1. A method of speech recognition in automated systems, the method comprising:

appointing an automatic speech recognition (ASR) engine to be a primary engine (PE) for processing every speech signal input to a system and for providing a PE-recognition output in every case;

pooling a plurality of ASR engines to be available for appointment as a supplemental engine (SE) that selectively process said speech signal input and for providing an SE-recognition output;

using a work control unit (WCU) to assess and engage any of said supplemental engines for further processing of said speech signal input; and

combining said PE-recognition output and any SE-recognition output into a final speech recognition output signal that performs speech recognition better than simply running only the primary engine, and that costs less than merely running all said supplemental engines in every instance.
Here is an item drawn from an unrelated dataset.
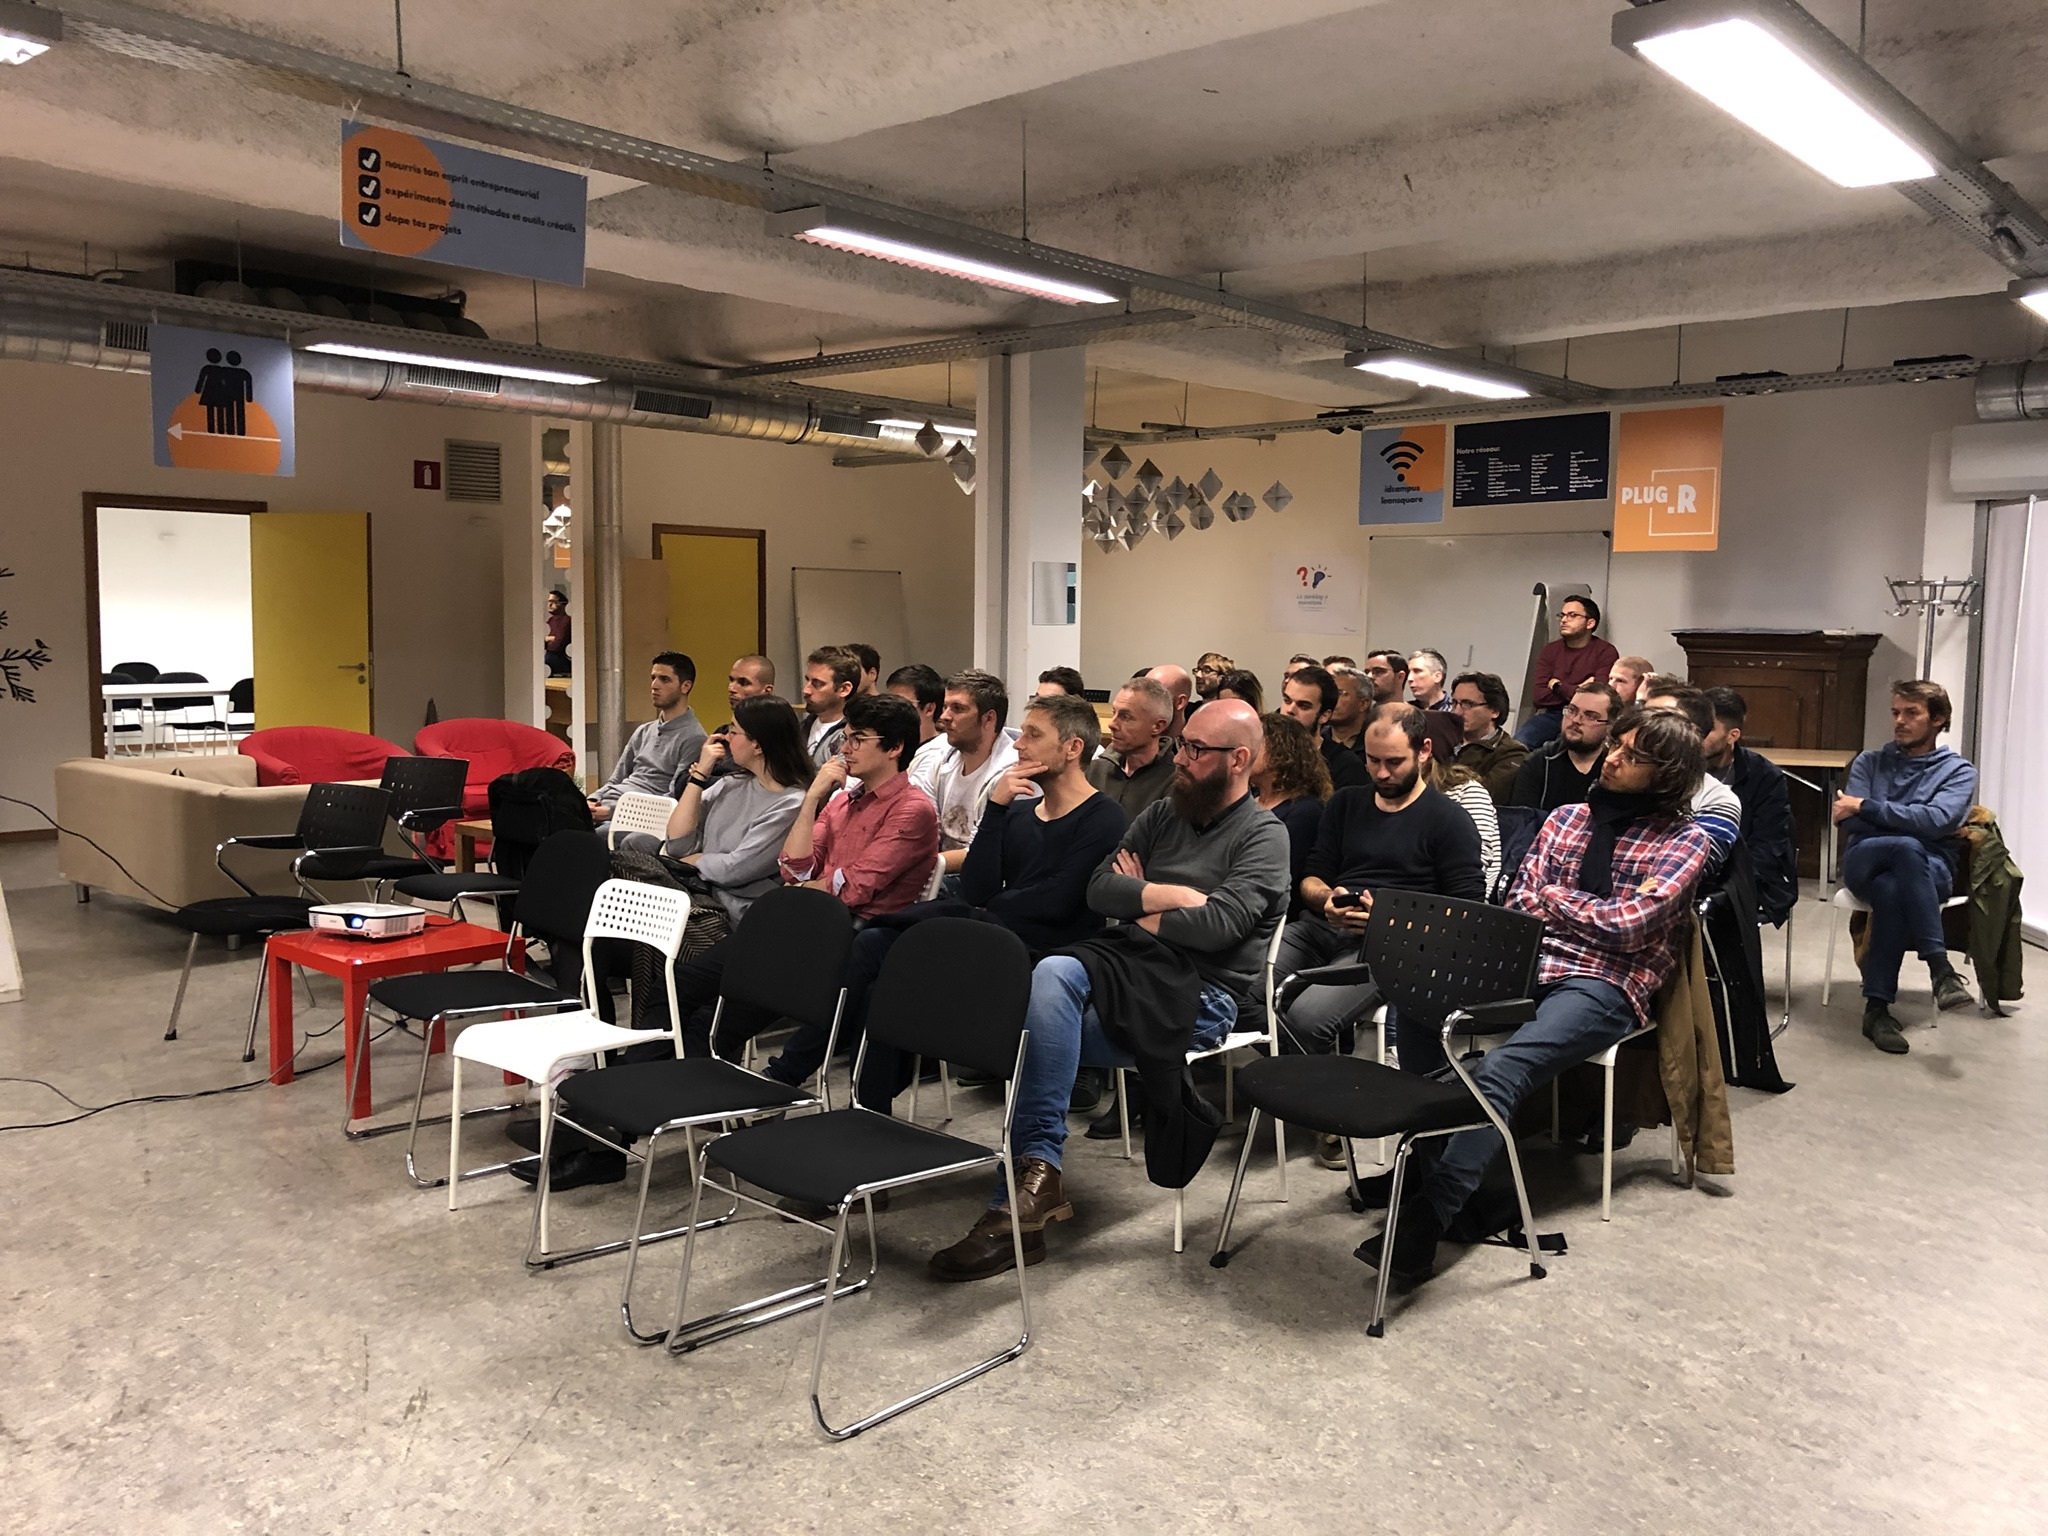 Retour du Meetup Liège WordPress, quand Namur bouge à Liège :)
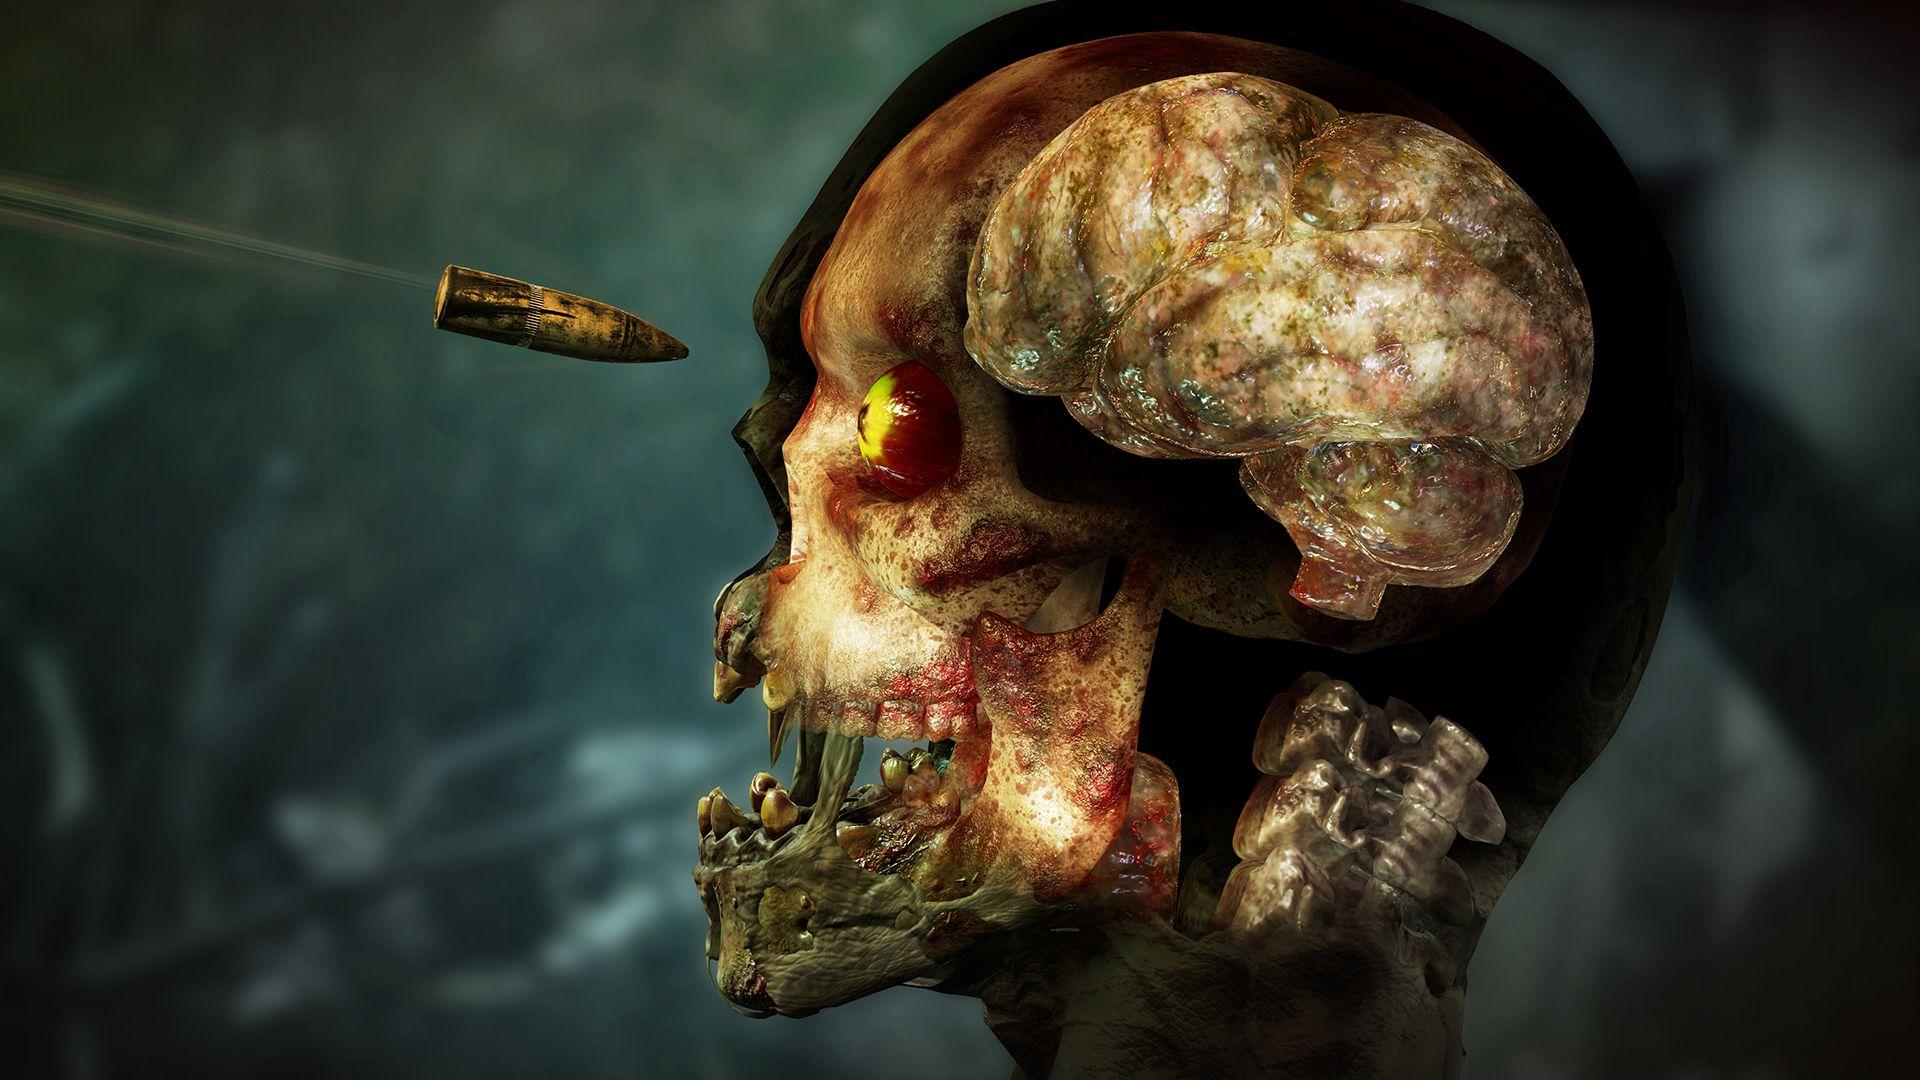 Zombie kill cam

2. The method of claim 1, wherein:

the step of appointing is such that said primary engine provides a confidence-of-recognition output that indicates a reliability measure of each particular PE-recognition output; and

the step of using is such that the decision of said WCU to use any of said supplemental engines for further processing of said speech signal input is based on said confidence-of-recognition output.

3. The method of claim 1, further comprising the preliminary step of:

categorizing said ASR engines according to their individual error rates, processing speed, purchasing costs, and/or performance, for the step of appointing, and in that way for judiciously selecting an appropriate supplemental engine in the step of using.

4. An automatic speech recognition system, comprising:

an automatic speech recognition (ASR) engine appointed to be a primary engine (PE) for processing every speech signal input to a system and for providing a PE-recognition output in every case;

a plurality of ASR engines in a pool and each one available for appointment as a supplemental engine (SE) that selectively process said speech signal input and for providing an SE-recognition output;

a work control unit (WCU) for assessing and engaging any of said supplemental engines for further processing of said speech signal input; and

a combiner for uniting said PE-recognition output and any SE-recognition output into a final speech recognition output signal that performs speech recognition better than simply running only the primary engine, and that costs less than merely running all said supplemental engines in every instance.

5. The system of claim 4, wherein:

the ASR engine appointed to be said primary engine includes a confidence-of-recognition output for indicating a reliability measure of each particular PE-recognition output; and

the WCU is such that its decision to use any of said supplemental engines for further processing of said speech signal input is based on a signal received from said confidence-of-recognition output.

6. The system of claim 4, wherein:

the WCU is such that its decision to use any of said supplemental engines for further processing of said speech signal input is adjustably based on a threshold value that is compared to a measurement received from said confidence-of-recognition output.

7. The system of claim 4, wherein:

said ASR engines are categorized according to their individual error rates, processing speed, purchasing costs, and/or performance, for judiciously selecting during operation an appropriate supplemental engine.

8. The system of claim 4, wherein:

the combiner builds a finite state machine (FSM) from a set of grammar rules, and searches the optimal combination result using said FSM;

wherein the allowable grammar is further constrained.